В этот момент будущие мои родители летят в зоне Greenwich Mean Time[13]. На малую долю секунды время останавливается. Ровно четверть века назад одетая в старые лохмотья Варинька стояла в копенгагенском порту.
Папа, который никогда не отличался многословием, по всей видимости, уловил, что Вселенная берет выжидательную паузу. Не исключено, какой-то голос ему нашептал, что главное путешествие всей жизни бессмысленно, если в какой-то момент в дело внезапно не вмешается рок.

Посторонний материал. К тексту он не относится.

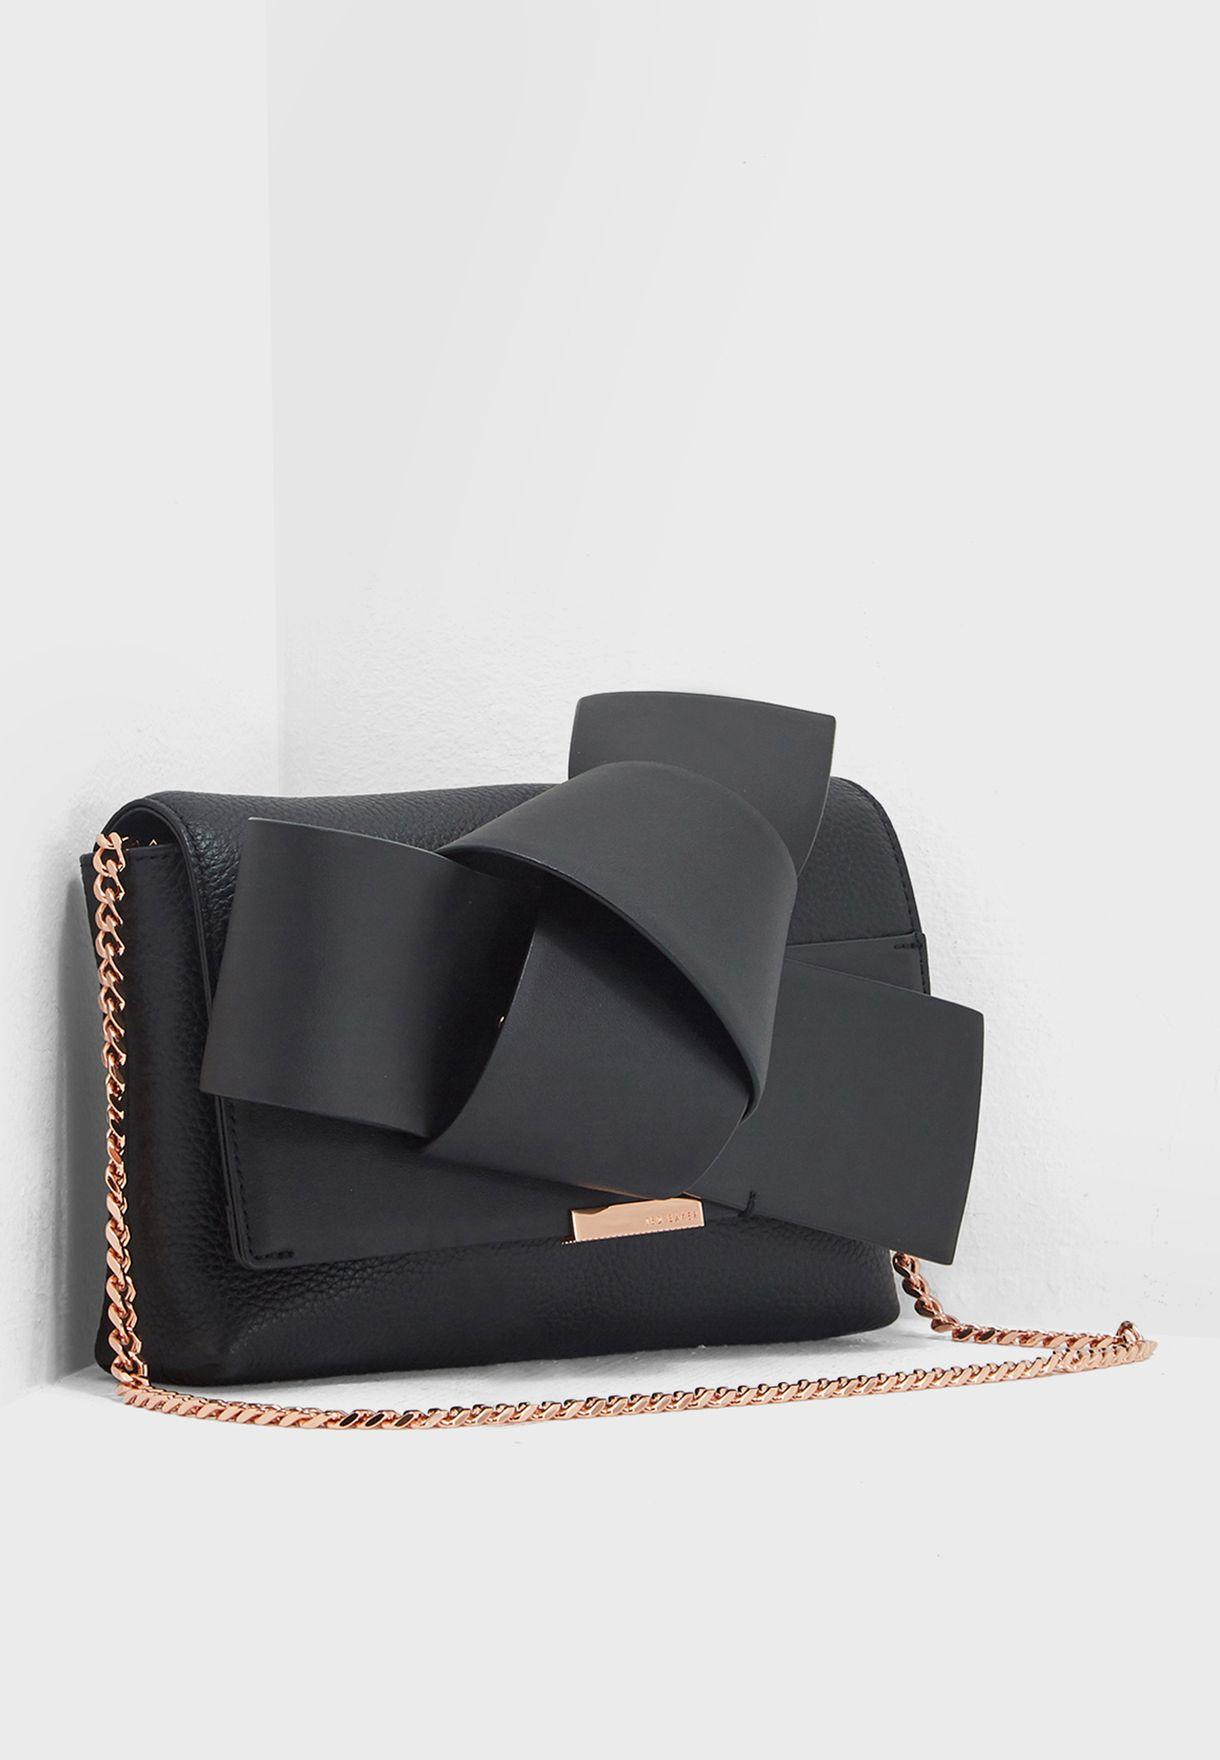 7cb4708e4 Shop Ted baker black Agentah Knot Bow Bag 145765 for Women in Saudi -  TE456AC38XBP

Ибо голосовые связки Яна Густава заработали на полную мощь и стали производить на свет одно предложение за другим. Он так живо рассказывает о Матильде и ее фантастической способности всегда находить верный путь, даже когда вокруг свистят пули и снуют враждебные соколы. Да еще на таком мелодичном шведском, что молоденькая Ева застывает возле его кресла с зависшим словно бы в воздухе кофейником. Она забывает о том, что Ян Густав никоим образом не напоминает ни бизнесмена с утонченными манерами, ни загорелую голливудскую звезду, каковых она всегда мечтала встретить на своем пути. Ибо, господи боже мой, до чего он красив.
И как многие девушки, ее предшественницы в мировой истории, она, вдохновленная быстролетным знакомством, начинает мечтать о том, что этот гигант – воплощение Вечной Любви. Он предоставит ей возможность свободно парить. Его глубокий голос станет вновь и вновь призывать ее домой.
* * *
Long story short[14], папа пригласил Еву тем же вечером на свидание в Копенгагене, где ее смена закончилась.

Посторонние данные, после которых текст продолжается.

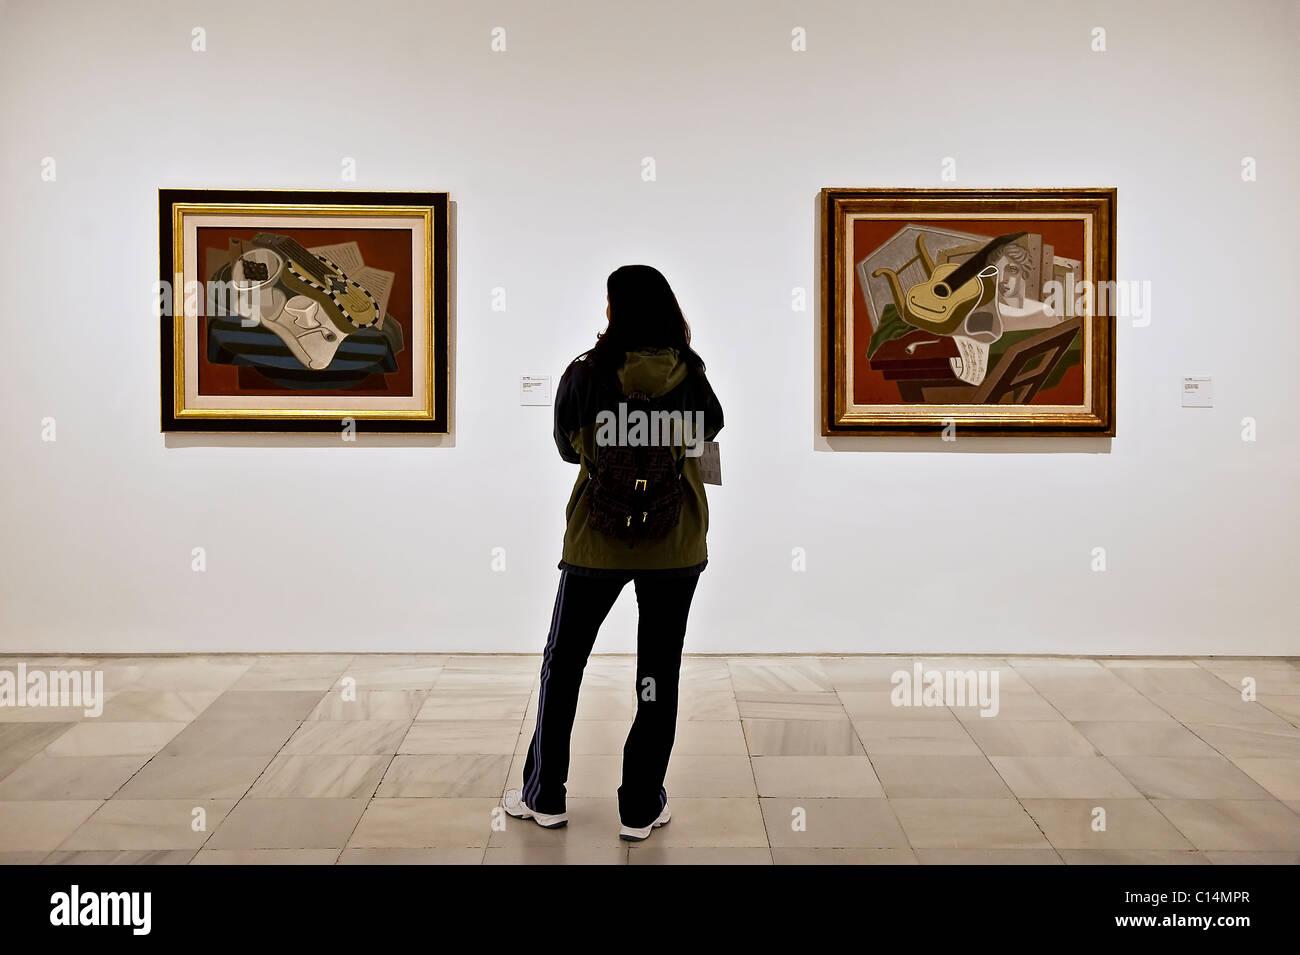 Juan Gris paintings in the Reina Sofia museum, Madrid, Spain - Stock Image

– Тогда пойдем в «Мюнхен», там играет Лео Матисен[15] со своим трио, – предложила она.
«Она еще и без ума от джаза. Как мне повезло!»
Ян Густав остановился в небольшом пансиончике на Вестебро и уговорил хозяйку составить компанию Матильде, пока он не вернется. Вдруг он ощутил, что его не снедает привычная тоска по острову.
Они встретились с Евой перед Главным вокзалом. Она переоделась, и вместо формы на ней было легкое летнее платьице с рукавами-крылышками. В ту ночь они легли спать поздно. Ян Густав кружил Еву в танце под ритмы, которые задавали Лео Матисен на фоно, Карло Йенсен на дерзкой трубе и Эрик Паркер на контрабасе, в который вцепился точно краб. Папа был вовсе не последним танцором. Только бы музыку играли ту, что надо.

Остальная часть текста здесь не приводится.